▶ WHAT YOU ARE ASKED TO DO
Please, without any pictures, set down exactly the part of the listing below that opens with the line containing "Nudie Jeans Lean" and closes with the line containing "CANVIT Biotin Maxi pro psy tbl 500g".

▶ INFORMATION PROVIDED
+===+
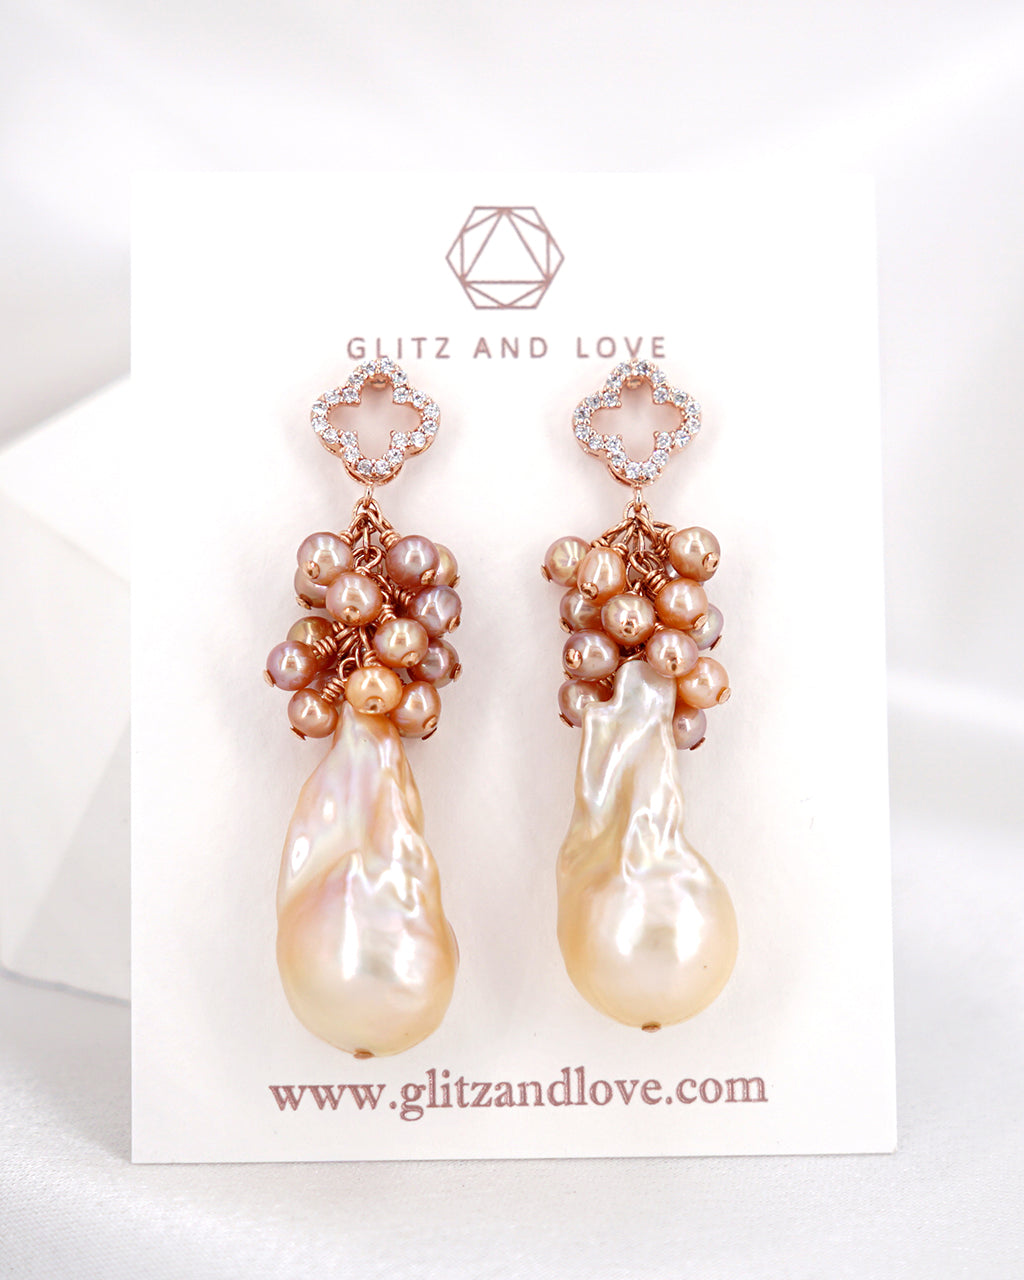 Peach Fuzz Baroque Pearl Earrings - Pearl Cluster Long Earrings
+===+
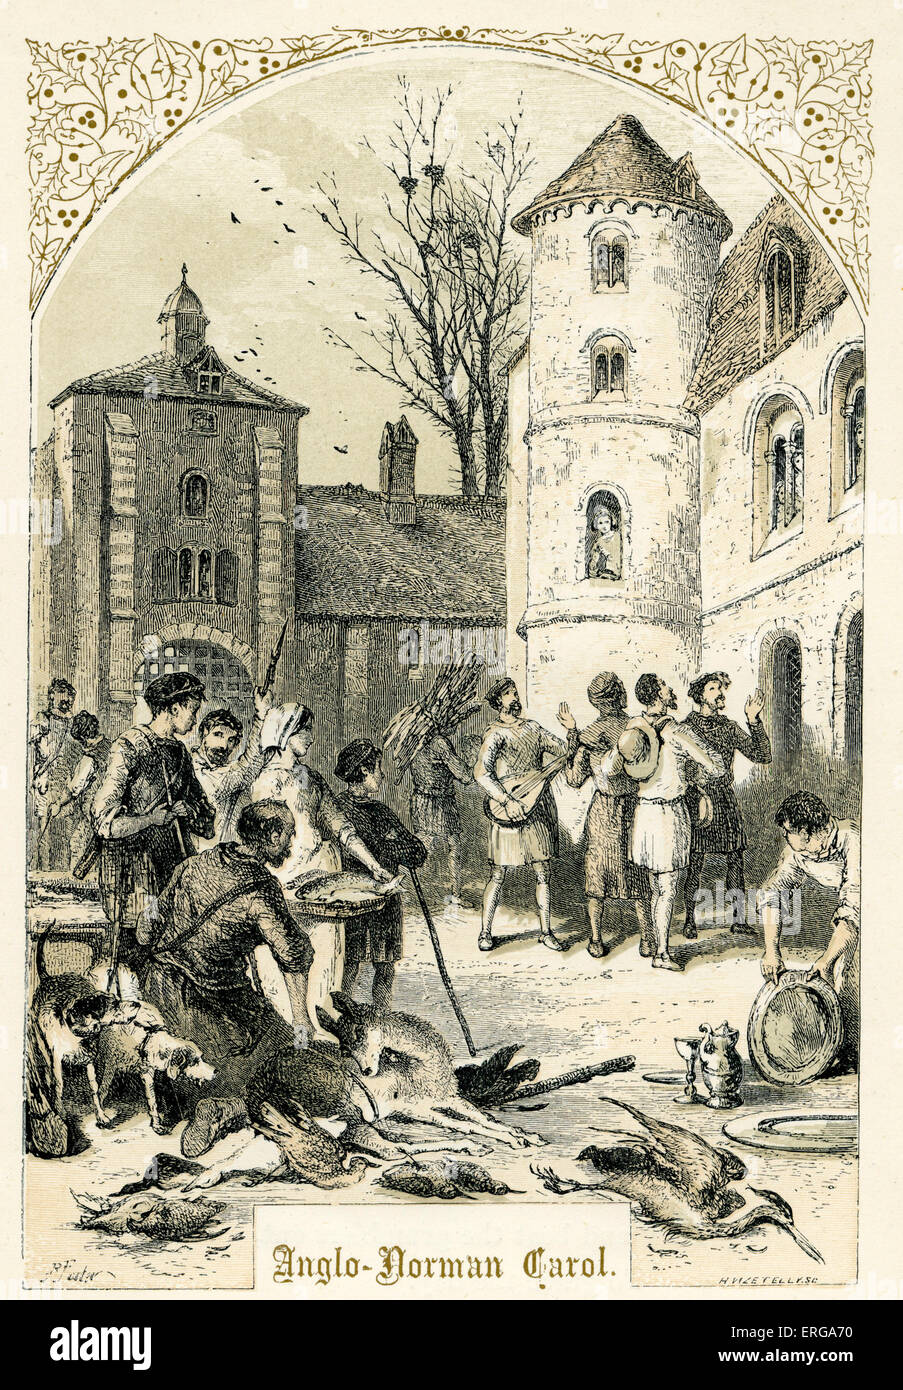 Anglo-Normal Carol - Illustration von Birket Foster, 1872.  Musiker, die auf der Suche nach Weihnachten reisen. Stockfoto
+===+
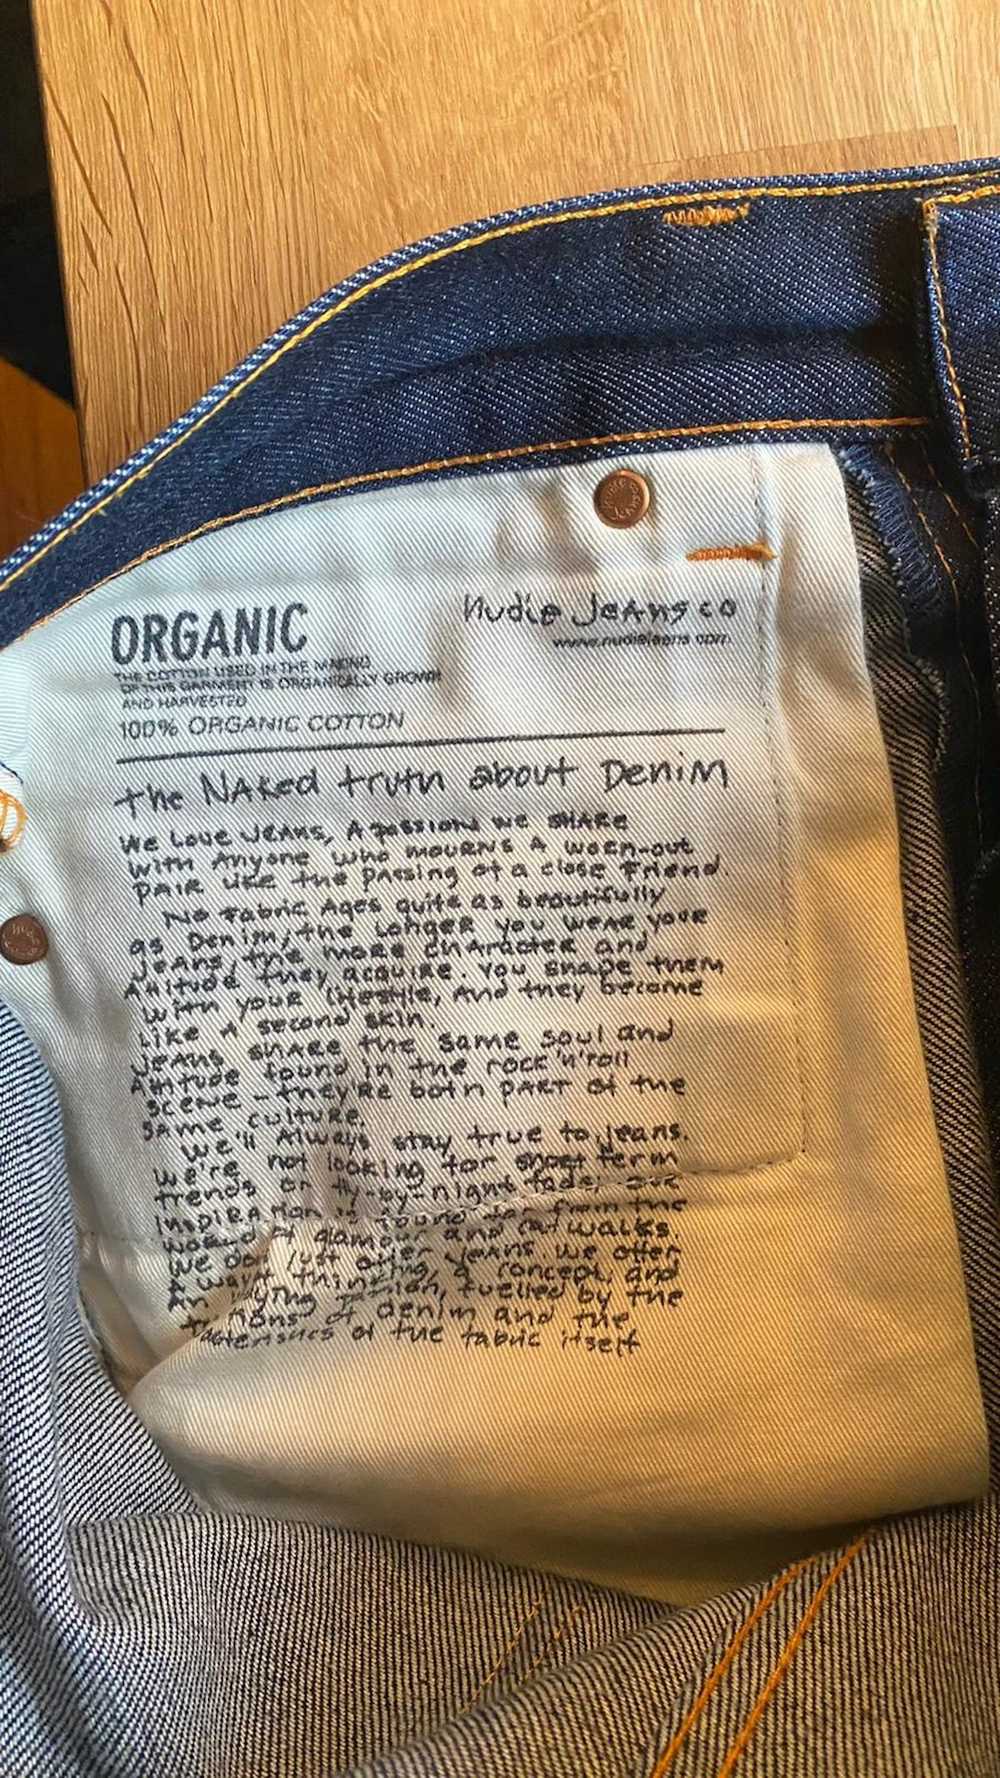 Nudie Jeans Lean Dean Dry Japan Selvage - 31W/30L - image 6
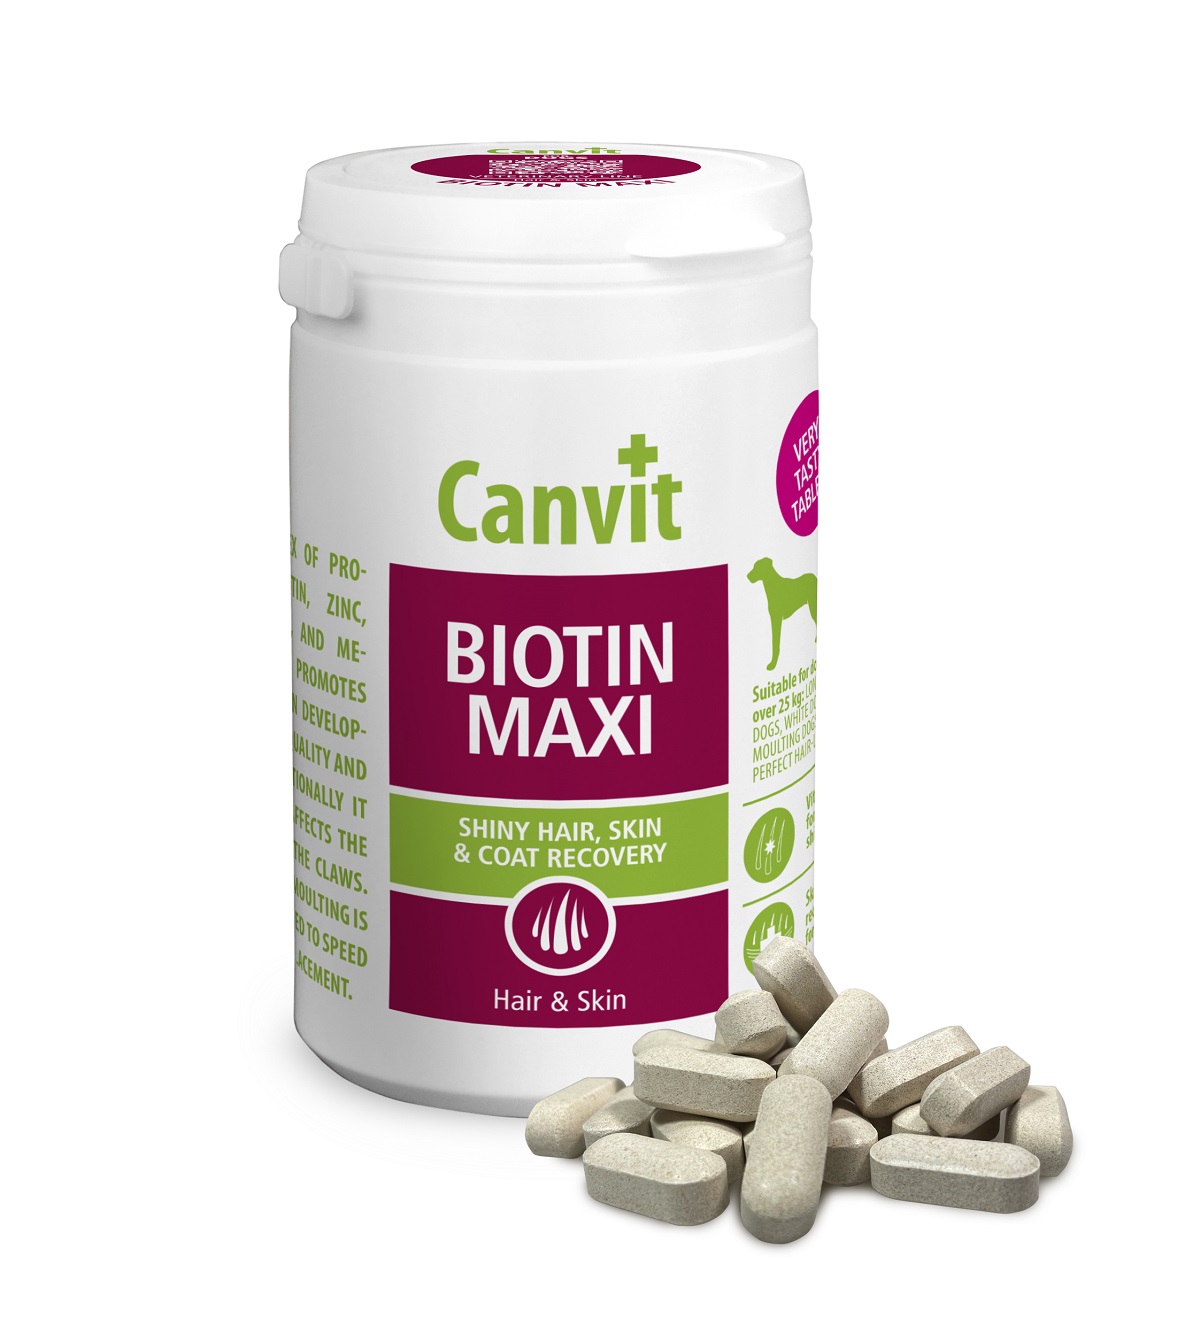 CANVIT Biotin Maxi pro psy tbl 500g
+===+
▶ FINISHED TASK
 Nudie Jeans Lean Dean Dry Japan Selvage - 31W/30L - image 6
 CANVIT Biotin Maxi pro psy tbl 500g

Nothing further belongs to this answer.